We have considered the creation of a metamodel to emulate a single complex simulation model. As an alternative approach, different complexities of simulation models could be developed to personalize treatment, and the resulting treatment outcomes (e.g., costs, QALYs) compared. This approach might be viable for simple medical decisions but might be challenging for more complex medical decisions as it would require developing, running, and evaluating a separate simulation model for every possible combination of risks and preferences, and potentially other factors such as structural assumptions. In our illustrative example, which has nine patient-specific risks and preferences, there would be at least 2¹⁸ = 262,144 models to develop, run, and evaluate if one wanted to comprehensively assess which risks and preferences should be included when making a treatment decision. Moreover, the resulting simulation models would likely be less interpretable than the models we develop and more computationally expensive.

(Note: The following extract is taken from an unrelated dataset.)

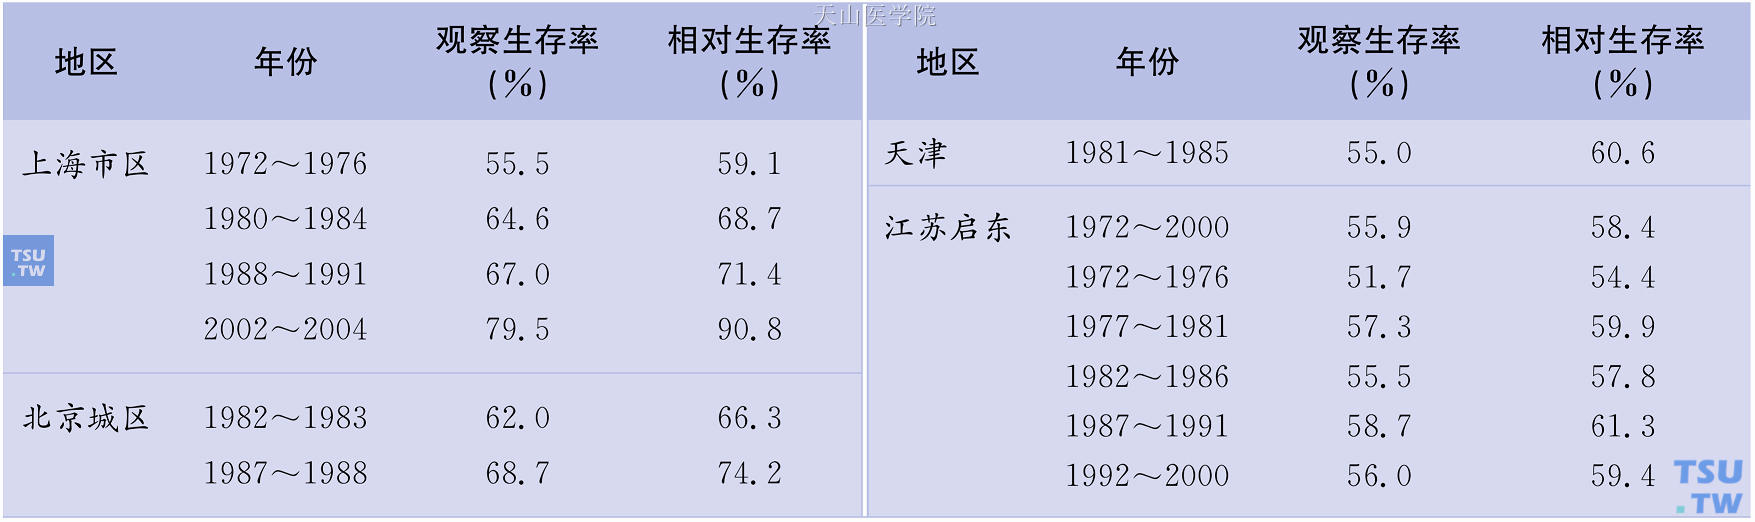 中国部分地区乳腺癌5年生存率及其变化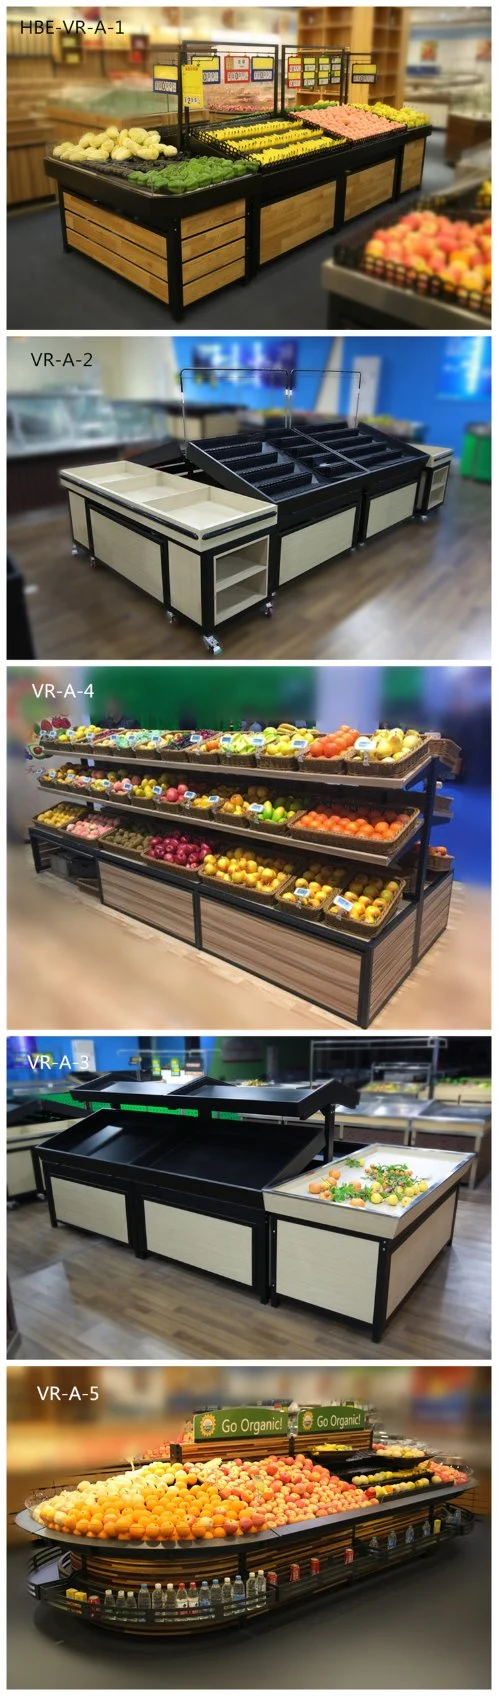 Supermarket Display Shelf for Fruits and Vegetables

Our method for simplifying models for personalization of medical treatment decisions can generate more readily interpretable and less computationally expensive models that achieve much of the health benefits of full personalization. Simplified models of this type may be more likely to be adopted in a clinical setting than complex models, thereby improving patient outcomes compared to no personalization. Moreover, such simplified models can improve equity in patient health outcomes, as all patients can receive the same personalized, high-quality, evidence-based care regardless of setting. Without use of this framework, only those patients with experienced doctors and in higher-resource settings might receive personalized care.